I was double-checking the whole thing... I've found that there is a fbcondecor USE flag for splashutils... I've just tried that one too... my kernel is still the same... any other suggestion?Last edited by dariohy on Mon Dec 10, 2007 5:37 am; edited 1 time in total

----------

## albright

assuming you have saved your kernel config, 

what does 

```
grep FB_CON_DECOR config 
```

reveal?

(assuming config is the name of your saved

kernel config file of course)

----------

## dariohy

It actually shows nothing... not even:

```
#FB_CON_DECOR is not set
```

Simply because it does not exists as an option, and make menuconfig cleans what does not make sense I guess.

----------

## tarpman

What kernel are you using?  I have sys-kernel/tuxonice-sources-2.6.23-r4, and the help for CONFIG_FB_CON_DECOR mentions this:

```
Depends on: HAS_IOMEM && VT && FRAMEBUFFER_CONSOLE=y && !FB_TILEBLITTING
```

So, I would check that you have Framebuffer Tile Blitting (under Graphics Support) disabled.

----------

## Sotol

If i have "Device Drivers -> Graphics Support -> < >Support for frame buffer Devices" set as a module, the support for

Frame buffer console decorations line disappears.
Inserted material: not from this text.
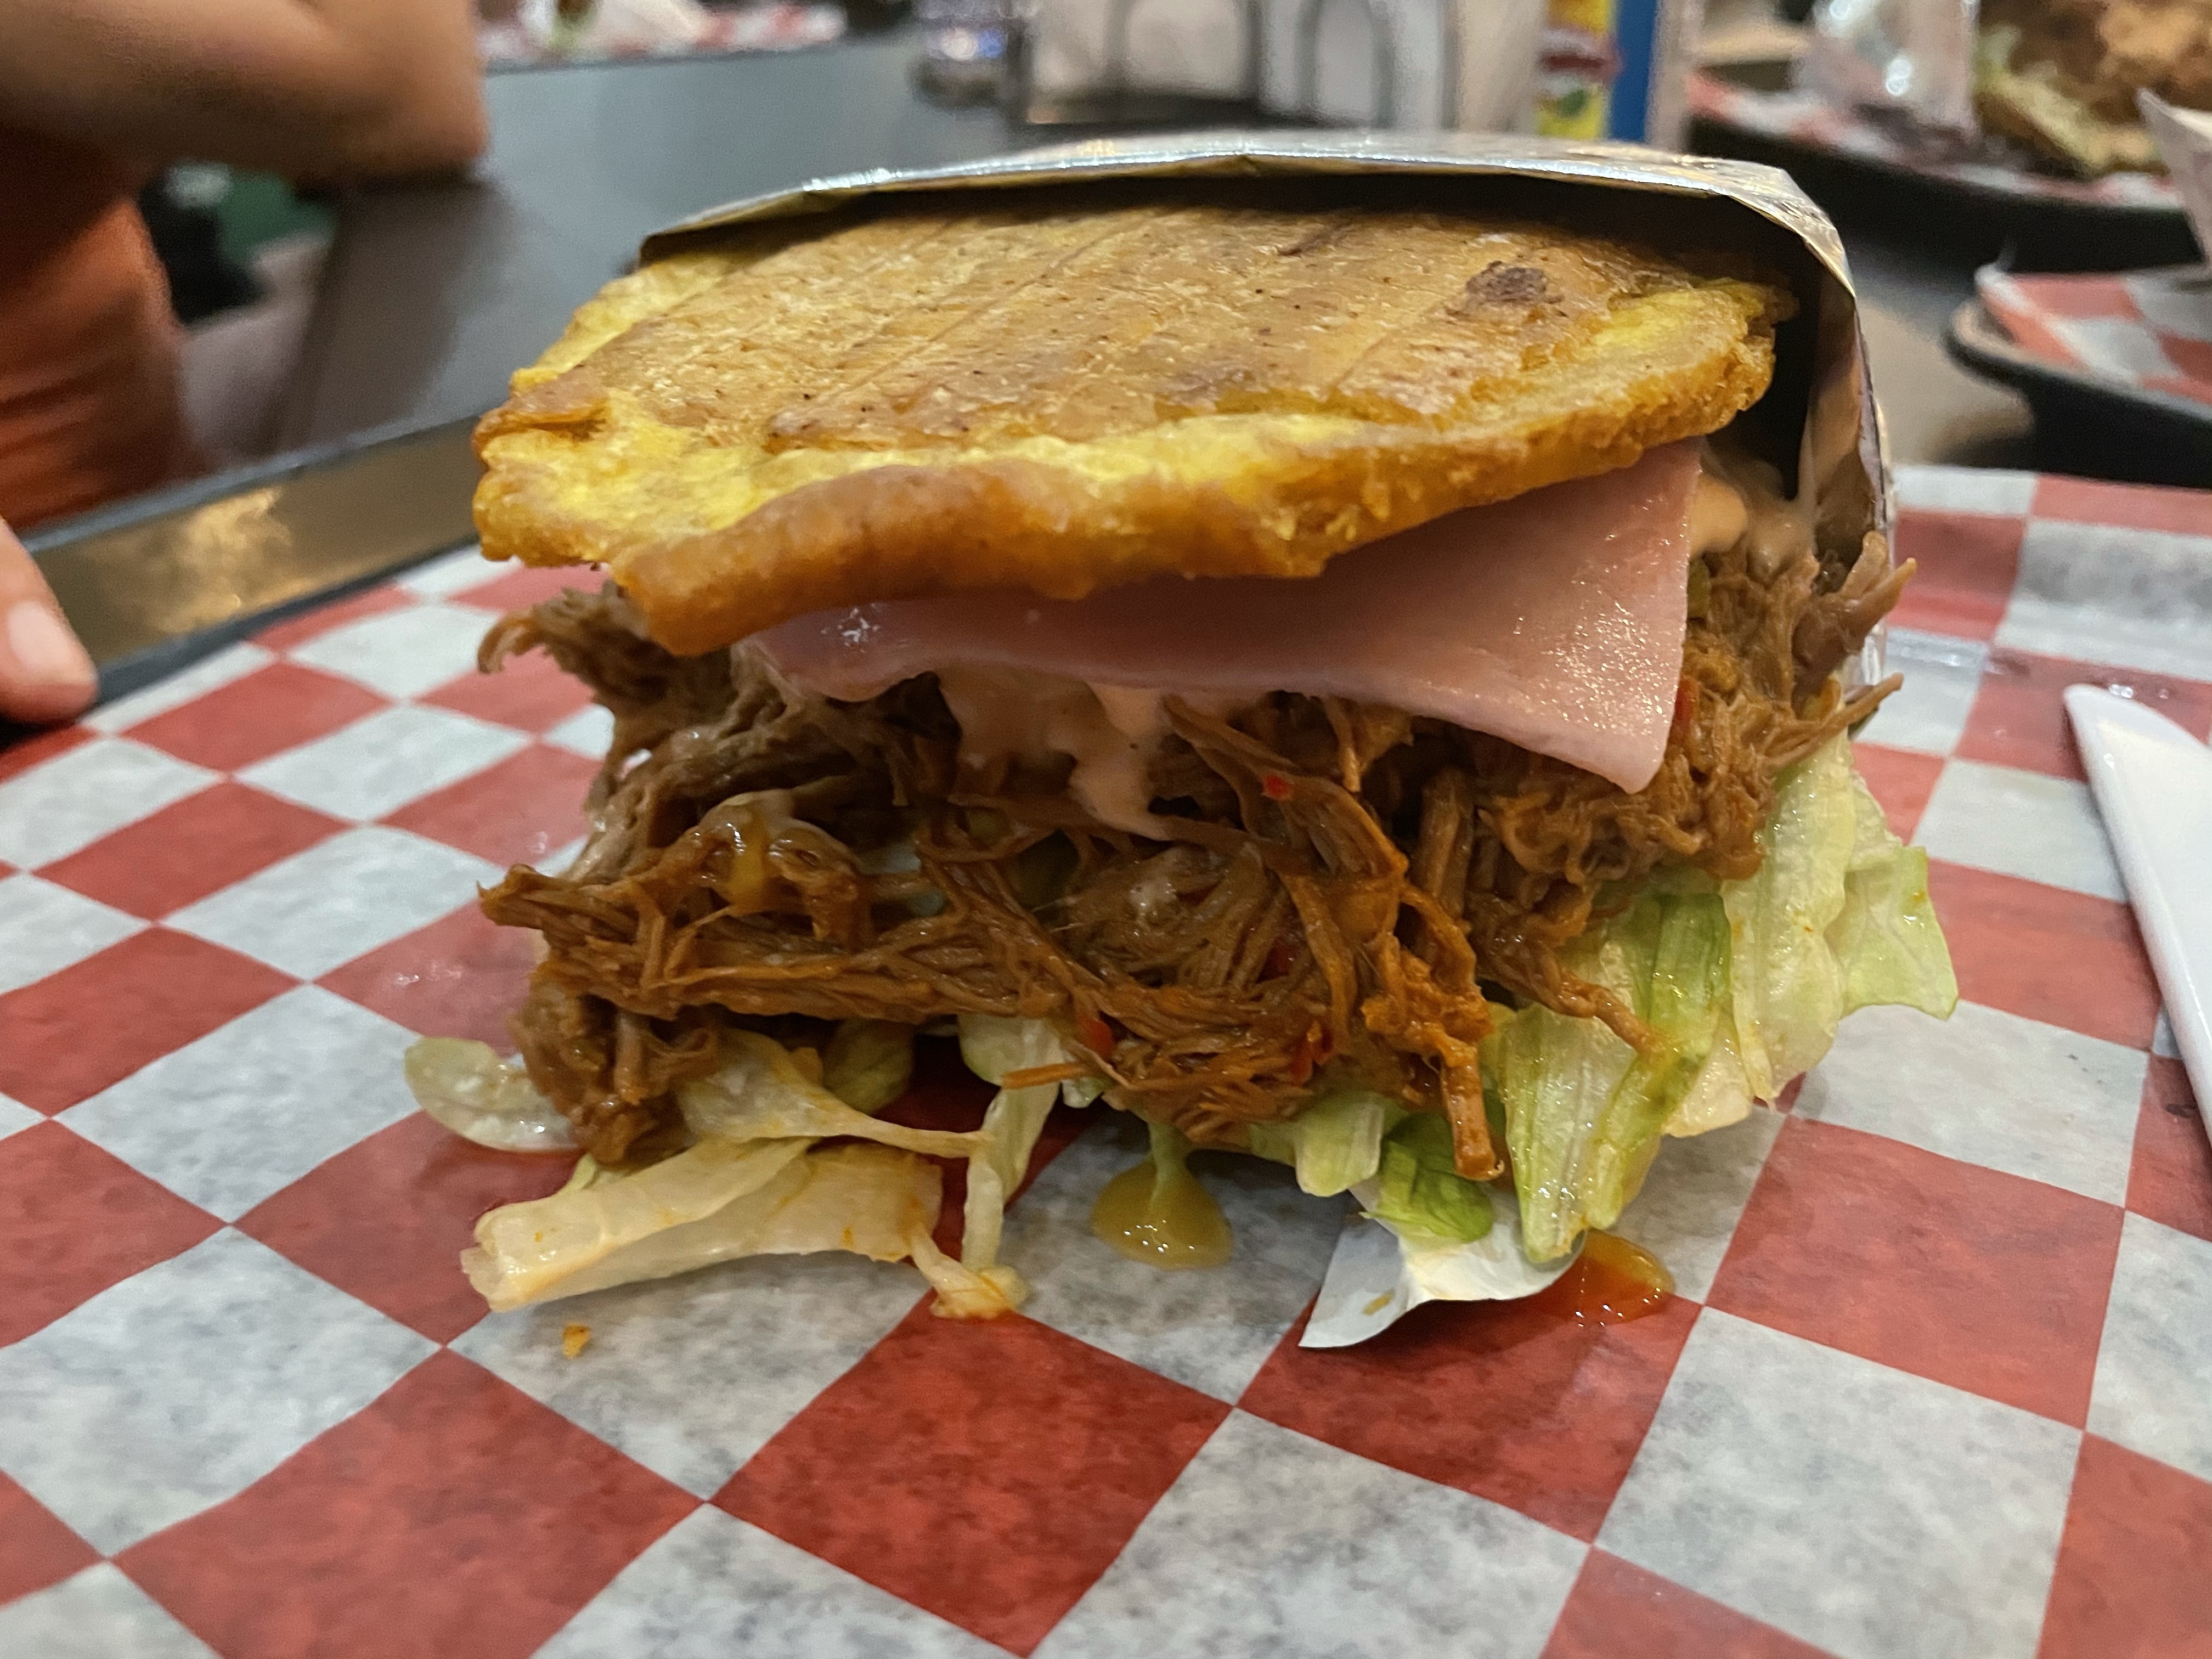 Pana’s Venezuelan Food Truck and Restaurant Foodie Review in Tulsa, Oklahoma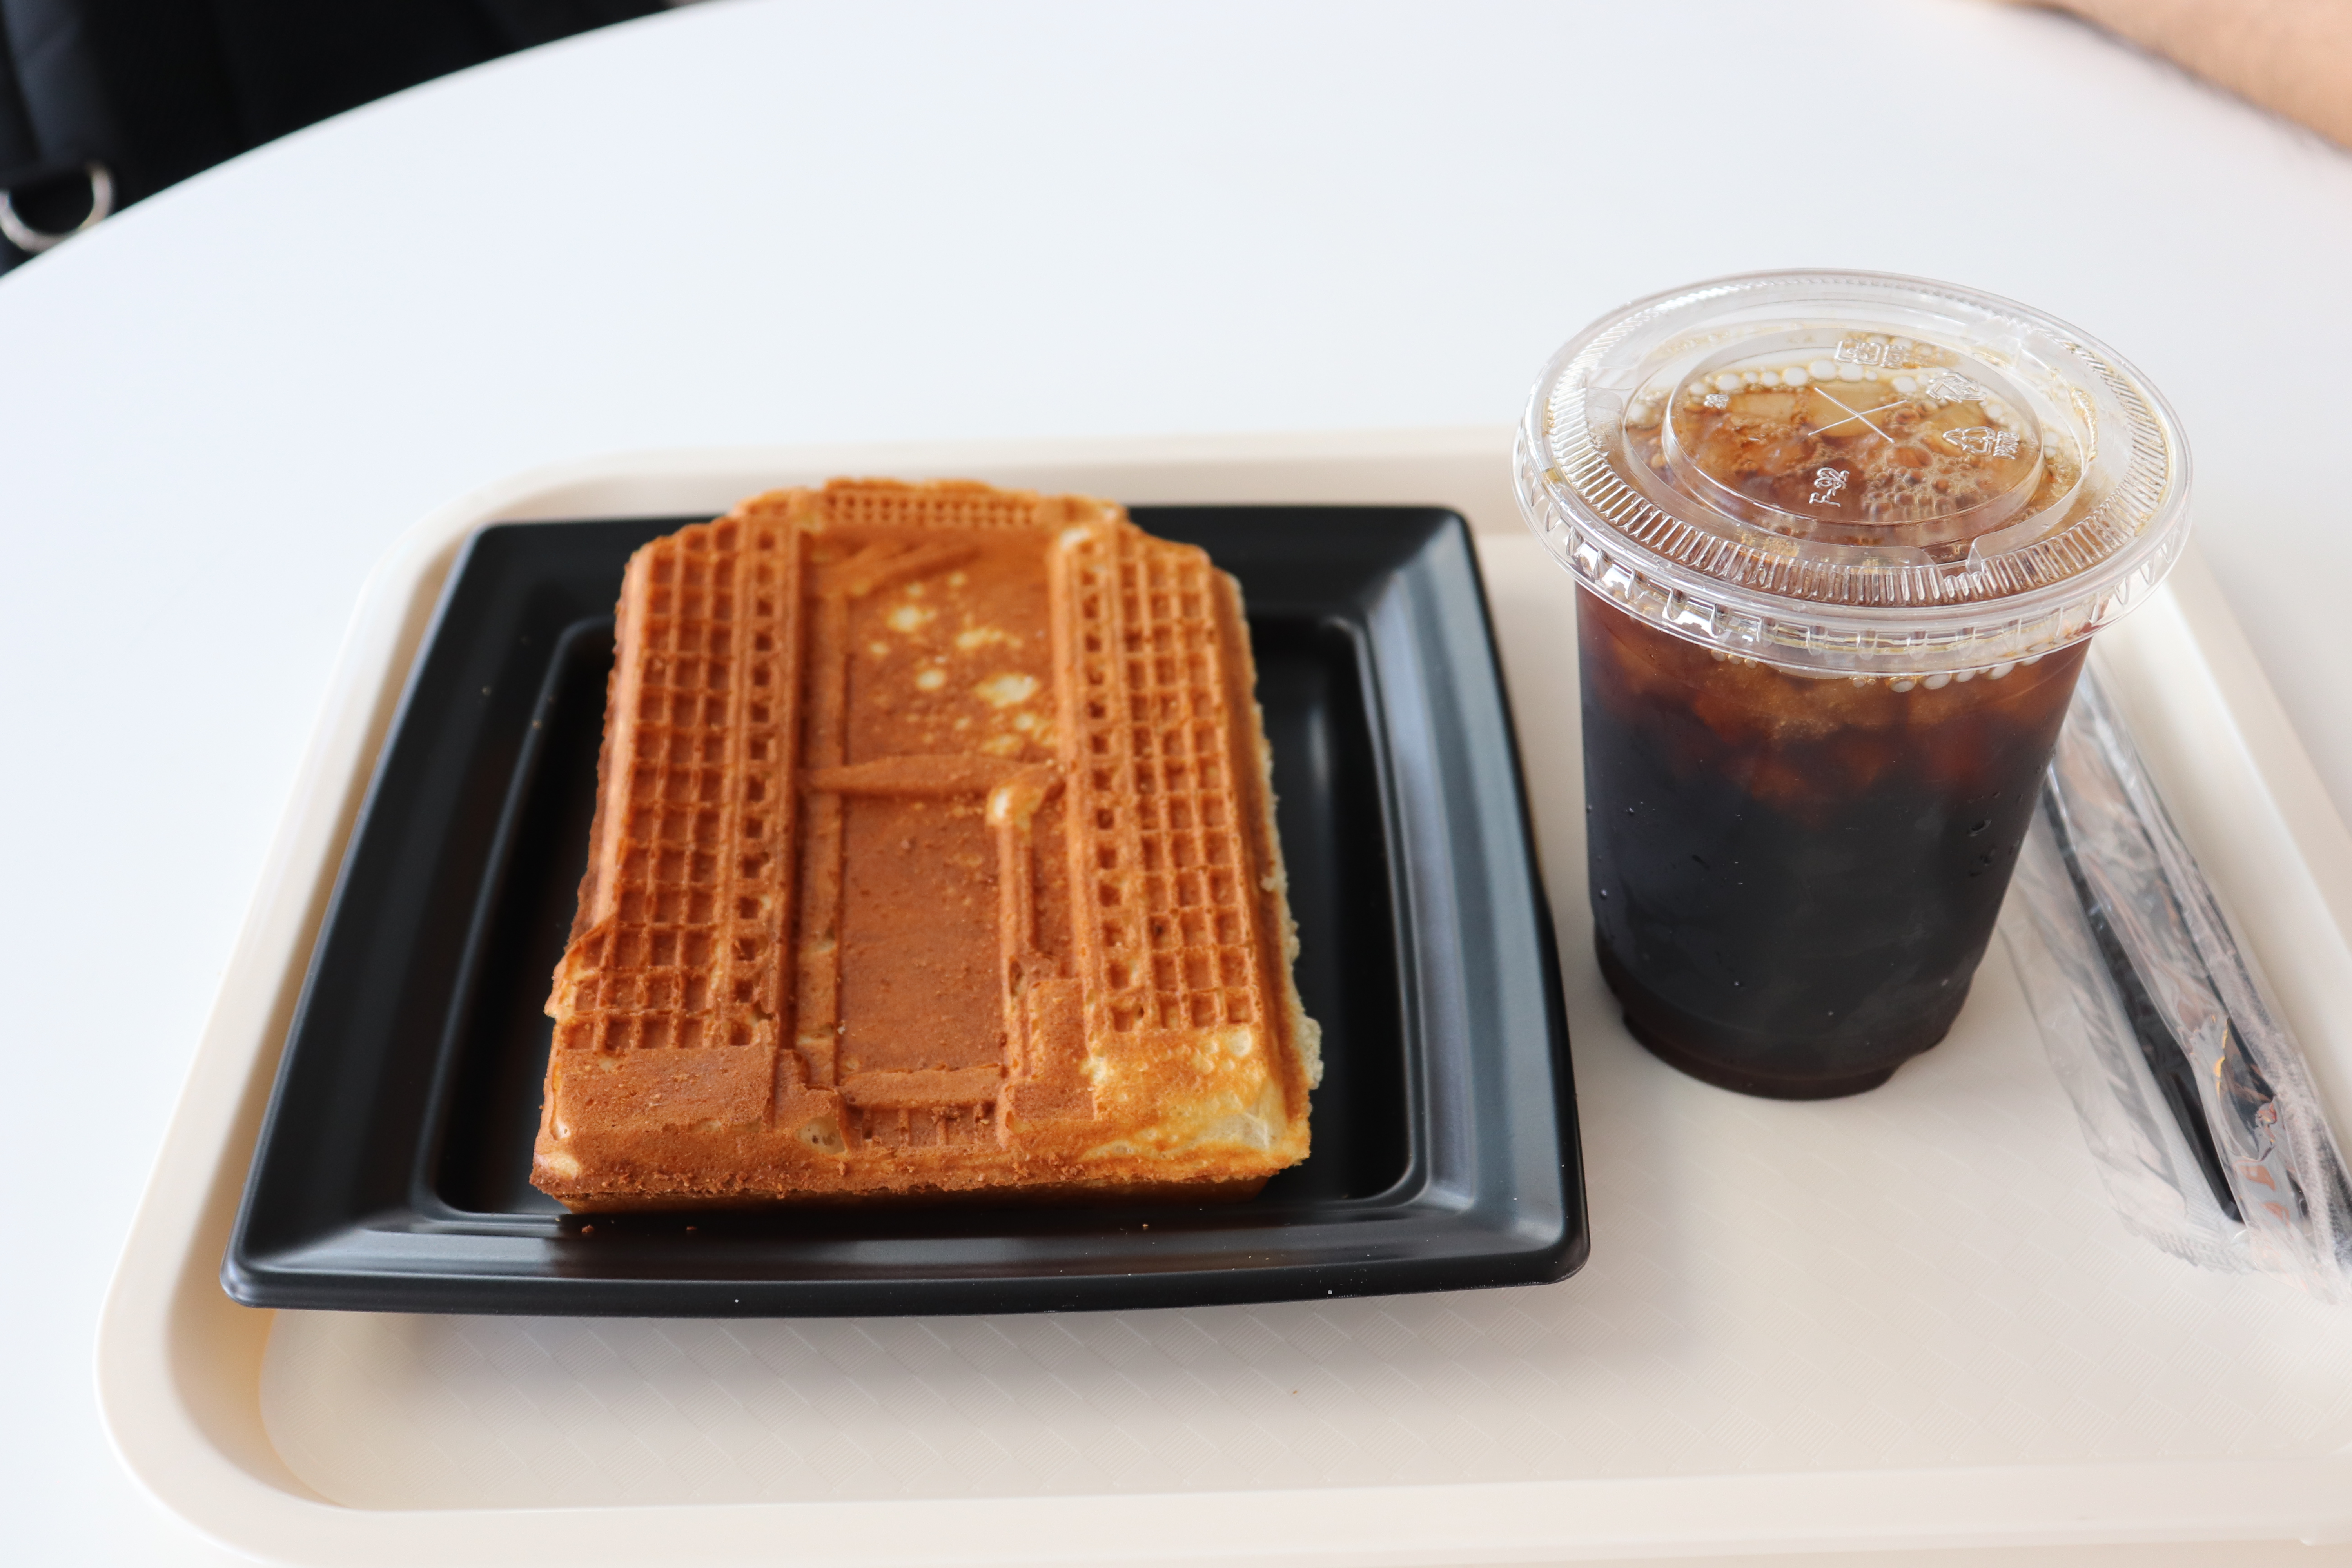 umeda sky building shaped waffle from cafe sky

If I set it built in, that line reappears.

----------

## dariohy

 *tarpman wrote:*   

> What kernel are you using? I have sys-kernel/tuxonice-sources-2.6.23-r4, and the help for CONFIG_FB_CON_DECOR mentions this:
> 
> ```
> Depends on: HAS_IOMEM && VT && FRAMEBUFFER_CONSOLE=y && !FB_TILEBLITTING
> ```
> ...

 

I'm using the normal gentoo-sources-2.6.23-r3.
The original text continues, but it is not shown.